After the war, Wiley Killette married Elsie Glenn Langley on May 10, 1920, in Edgecombe County, N.C. He went into private practice as a civil engineer, serving in that position until his death on February 17, 1951, in Wilson, N.C. Wiley Killette was buried in the Killette family plot in Maplewood Cemetery in Wilson.

You can read Wiley Killette’s correspondence online through the WWI collection of the North Carolina Digital Collections, a joint effort of the State Archives of North Carolina and the State Library of North Carolina.

To learn more about Wiley Killette’s WWI service, check out the Wiley P. Killette Papers (WWI 27) in the WWI Papers of the Military Collection at the State Archives of North Carolina in Raleigh, N.C.

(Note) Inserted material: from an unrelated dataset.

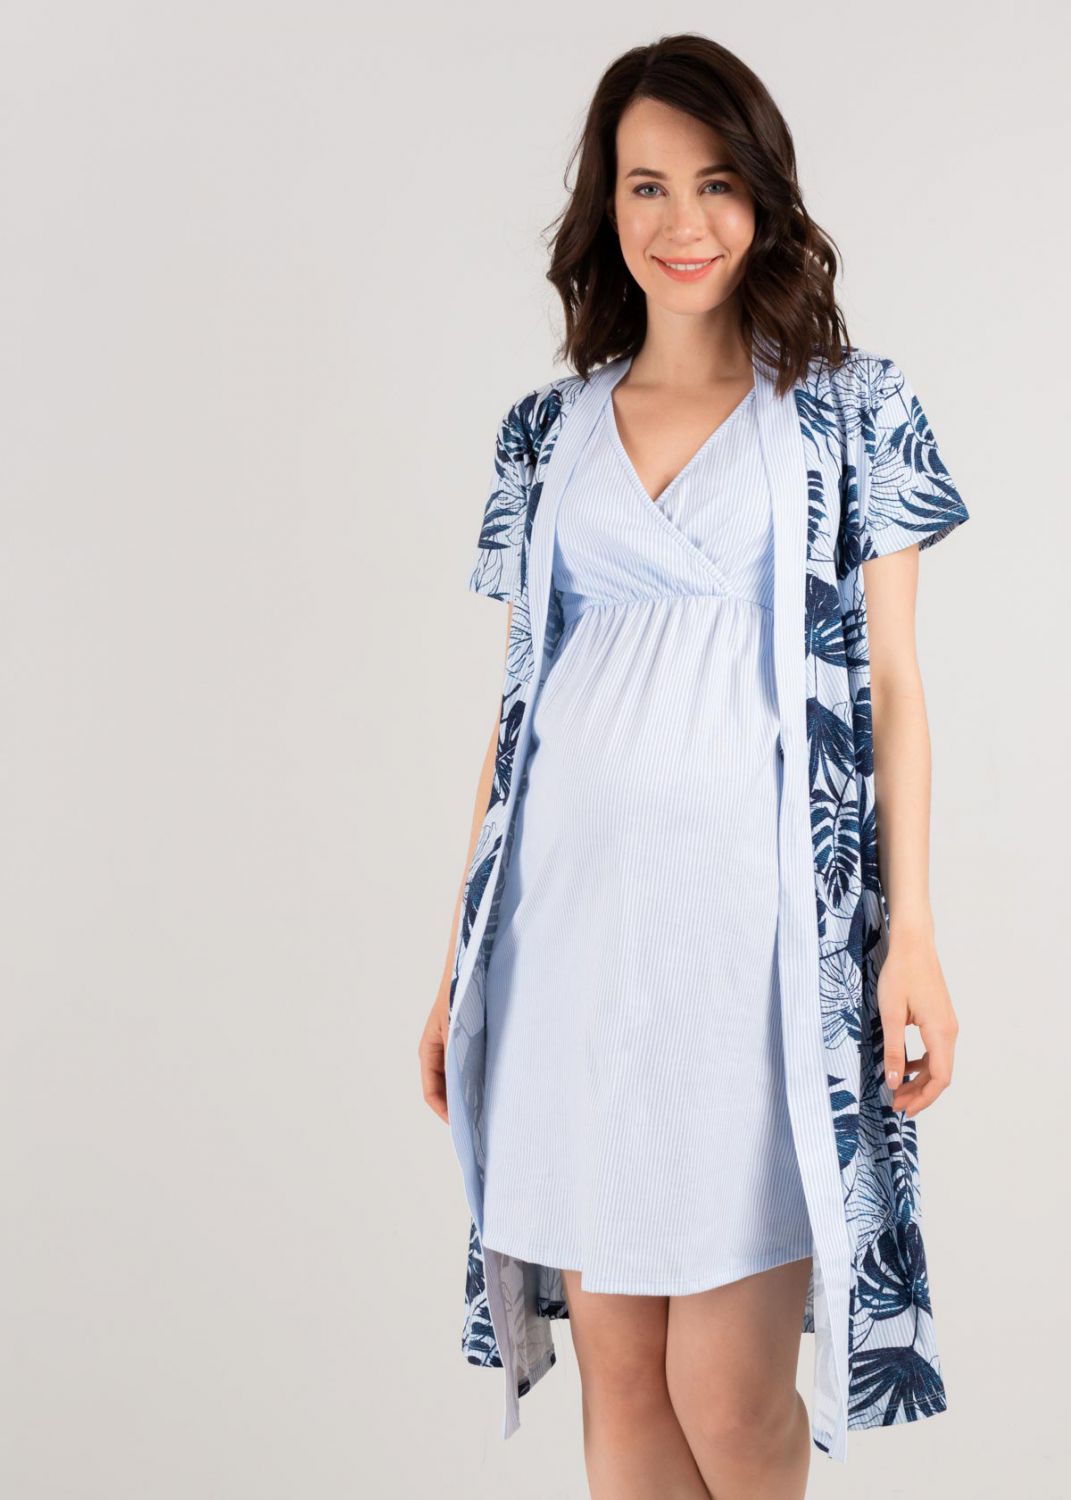 Maternity Robe Pajamas Nightgown Lace V Neck Breastfeeding Dress Nursing  Nightdress Pregnant Women Nightwear Pregnancy Sleepwear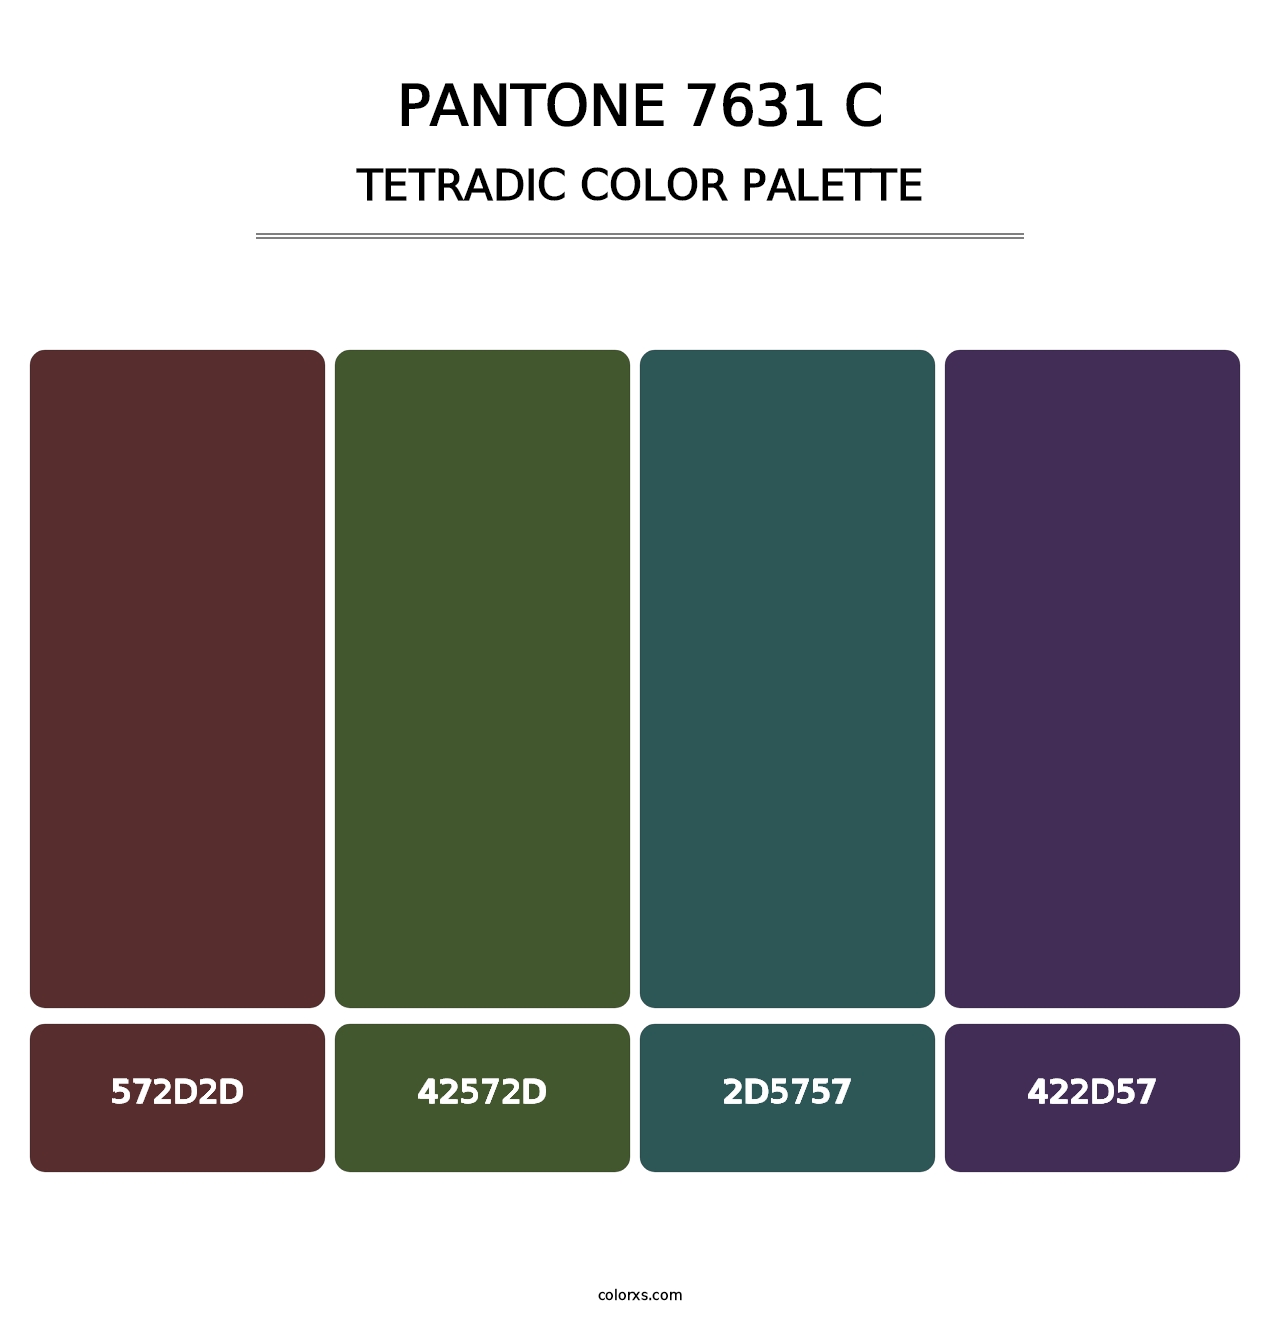 PANTONE 7631 C - Tetradic Color Palette

This blog post is part of the State Archives of North Carolina’s World War I Social Media Project, an effort to bring original WWI archival materials to the public through the North Carolina Department of Natural and Cultural Resources’ (NCDNCR) various social media platforms, in order to increase access to the items during the WWI centennial celebration by the state of North Carolina.

Between February 2017 and June 2019, the State Archives of North Carolina will be posting blog articles, Facebook posts, and Twitter posts, featuring WWI archival materials which are posted on the exact 100th anniversary of their creation during the war. Blog posts will feature interpretations of the content of WWI documents, photographs, diary entries, posters, and other records, including scans of the original archival materials, held by the State Archives of North Carolina, and will be featured in NCDNCR’s WWI centennial blog.